For a function \[f(x)\] finding \[f'(x)\] or \[\dfrac{dy}{dx}\] at a given point is called finding the derivative of \[f(x)\] at that point. \[\dfrac{dy}{dx}\] or \[f'(x)\] represents the instantaneous rate of change of \[y\] w.r.t \[x\].

Here in the given question, we have to find the derivative of a function w.r.t another function.

mathematically:

Let \[y\,=\,f(x)\] ; \[z\,=\,g(x)\] then \[\dfrac{dy}{dz}\,\,=\,\,\dfrac{dy/dx}{dz/dx}\,\,\,=\,\,\,\dfrac{f'(x)}{g'(x)}\].

Here we have \[y\,=\,\,{{\sec }^{-1}}\left( \dfrac{1}{2{{x}^{2}}-1} \right)\] and \[z\,=\,\sqrt{1-{{x}^{2}}}\].

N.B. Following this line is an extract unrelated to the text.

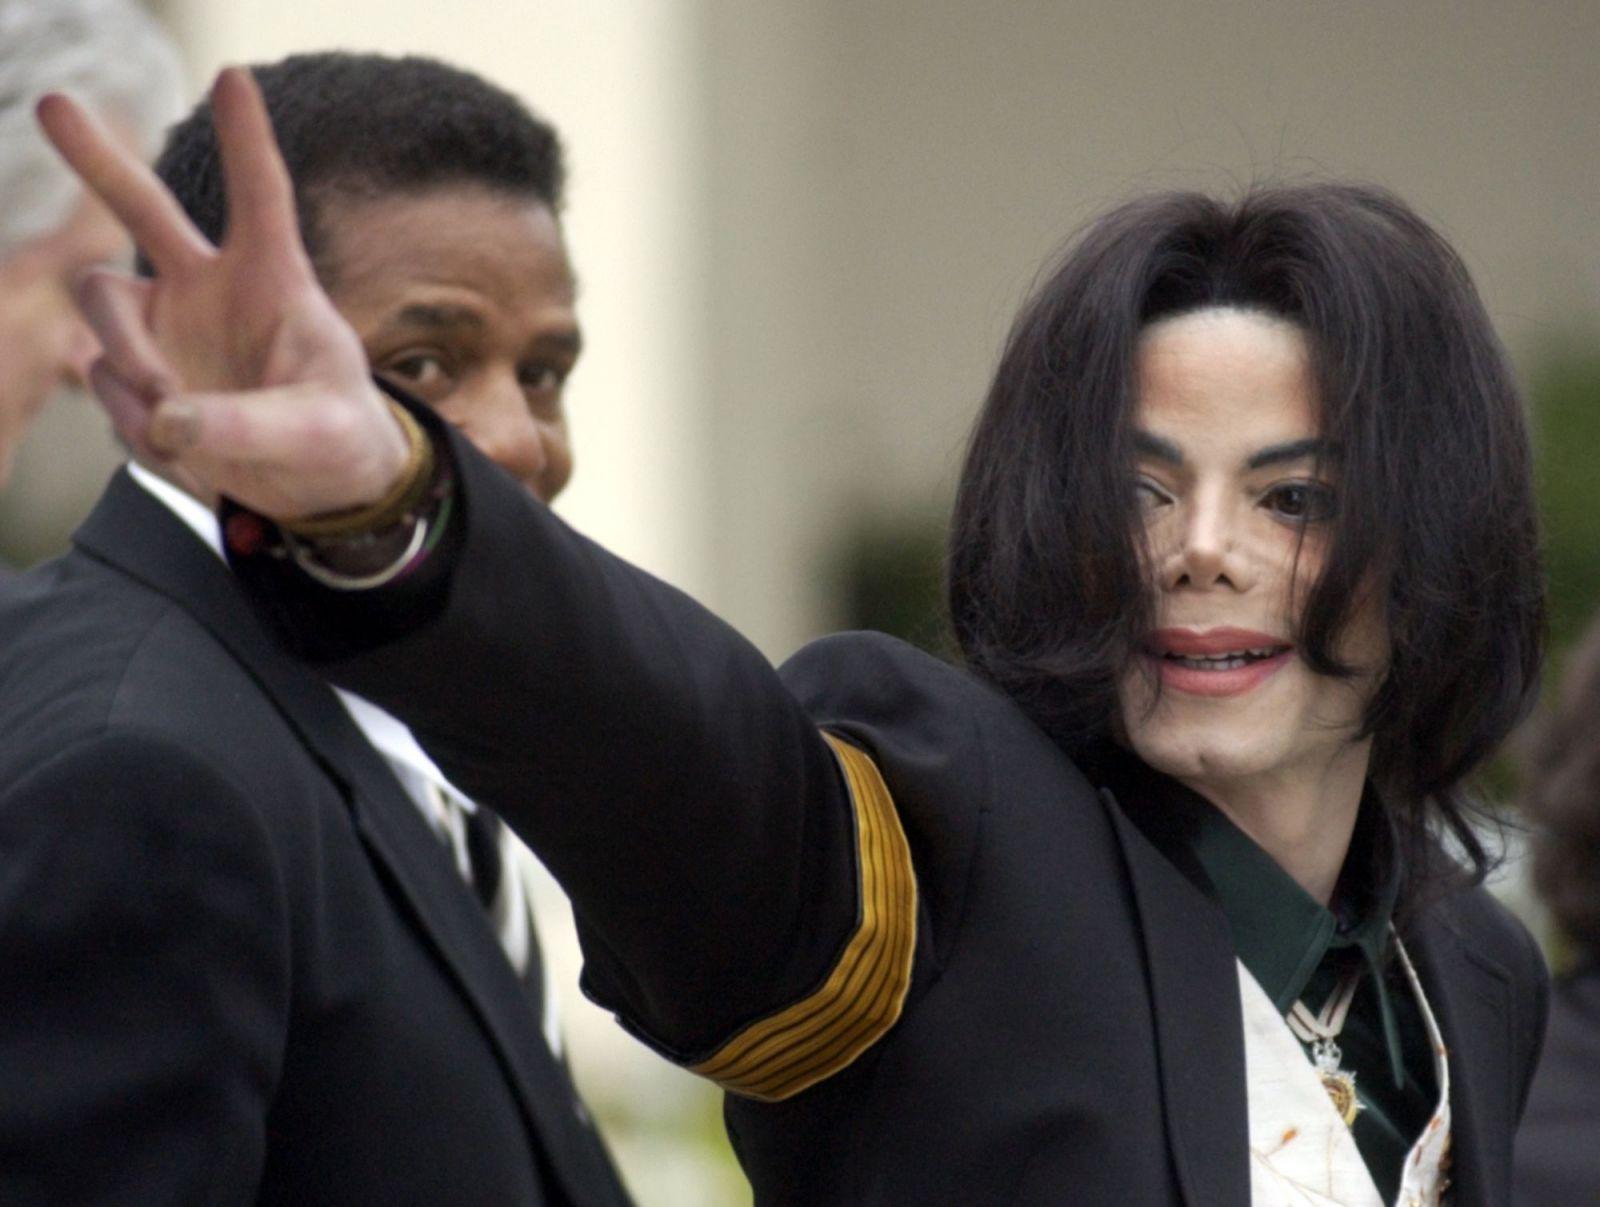 Simpsonovci stiahli epizódu s Michael Jacksonom. Môžu za to podozrenia z pedofílie

to find: \[\dfrac{dy}{dz}\]

Let’s solve \[\dfrac{dy}{dx}\] and \[\dfrac{dz}{dx}\] separately.

First \[\dfrac{dy}{dx}\]:

It will be quite convenient if we simplify the given inverse function instead of directly differentiating it using the chain rule.

By observing we can see that we should put \[x=\,\cos \theta \]. Therefore \[y\] becomes

\[y\,=\,\,\,{{\sec }^{-1}}\left( \dfrac{1}{2{{\cos }^{2}}\theta -1} \right)\]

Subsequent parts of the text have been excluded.